De novo genome sequence assembly is important both to generate new sequence assemblies for previously uncharacterized genomes and to identify the genome sequence of individuals in a reference-unbiased way. We present memory efficient data structures and algorithms for assembly using the FM-index derived from the compressed Burrows-Wheeler transform, and a new assembler based on these called SGA (String Graph Assembler). We describe algorithms to error-correct, assemble, and scaffold large sets of sequence data. SGA uses the overlap-based string graph model of assembly, unlike most de novo assemblers that rely on de Bruijn graphs, and is simply parallelizable.

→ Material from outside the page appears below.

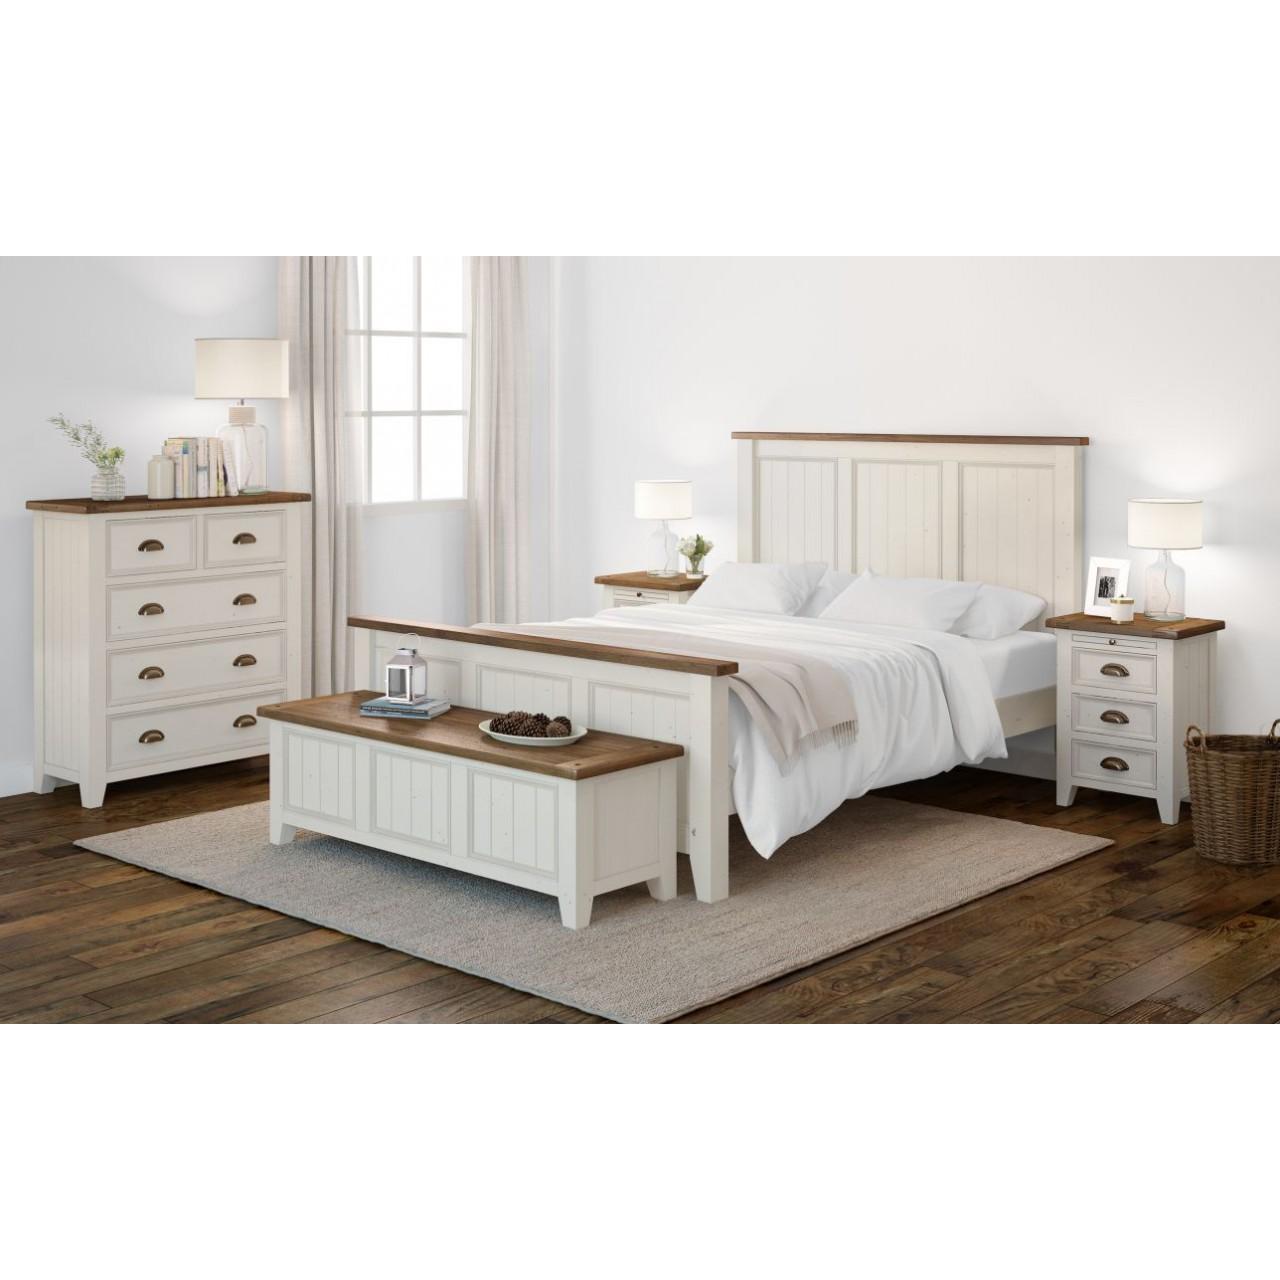 Tigress Direct Furniture And Homewares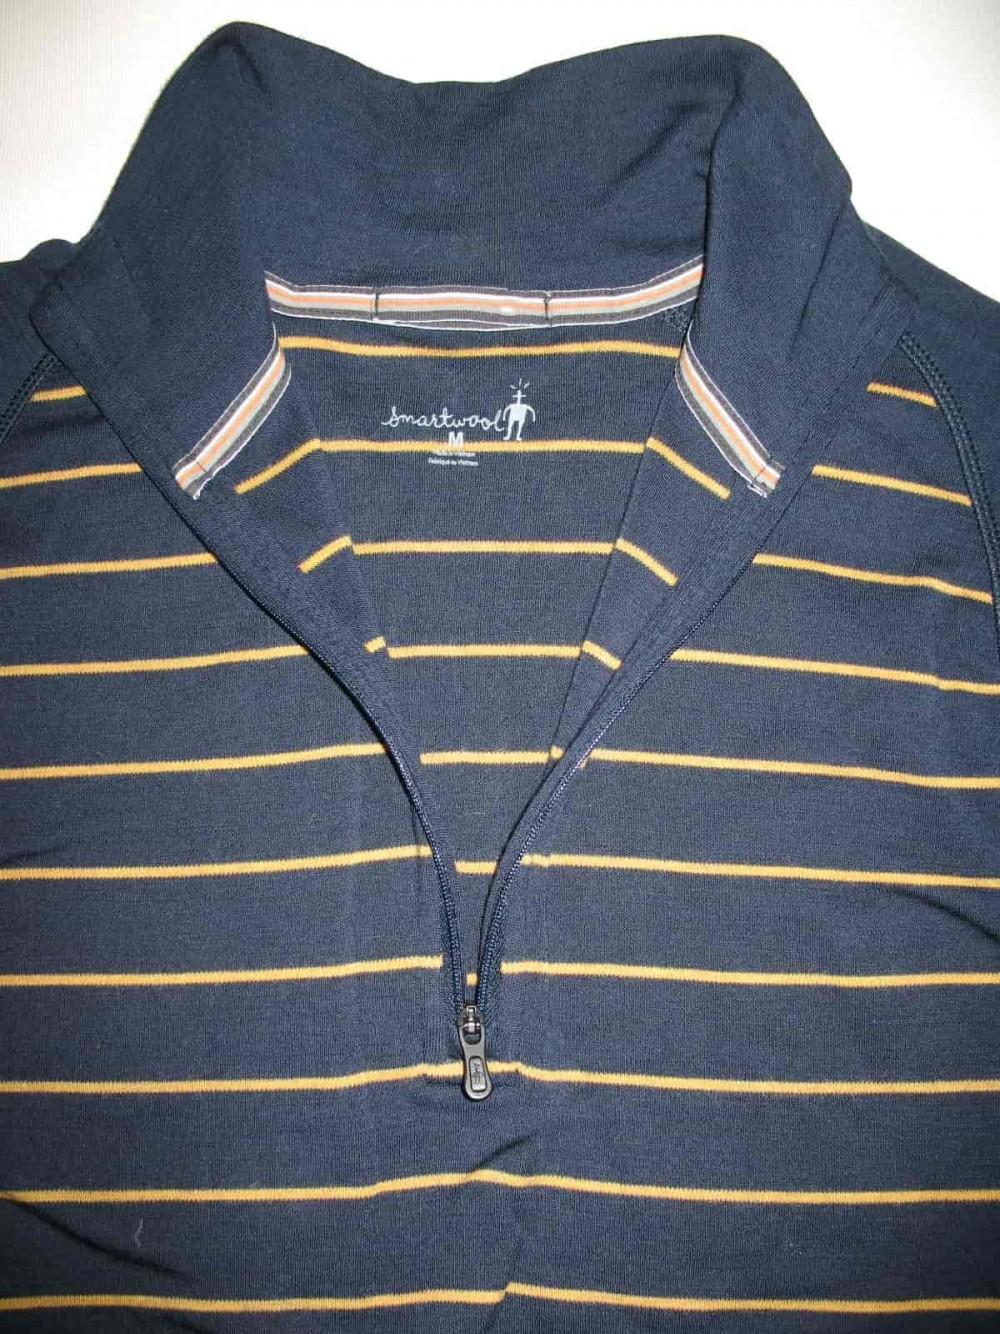 Кофта SMARTWOOL merino 250 base layer 1/4 zip navy jersey (размер М) - 4

We demonstrate the error correction and assembly performance of SGA on 1.2 billion sequence reads from a human genome, which we are able to assemble using 54 GB of memory. The resulting contigs are highly accurate and contiguous, while covering 95% of the reference genome (excluding contigs <200 bp in length). Because of the low memory requirements and parallelization without requiring inter-process communication, SGA provides the first practical assembler to our knowledge for a mammalian-sized genome on a low-end computing cluster.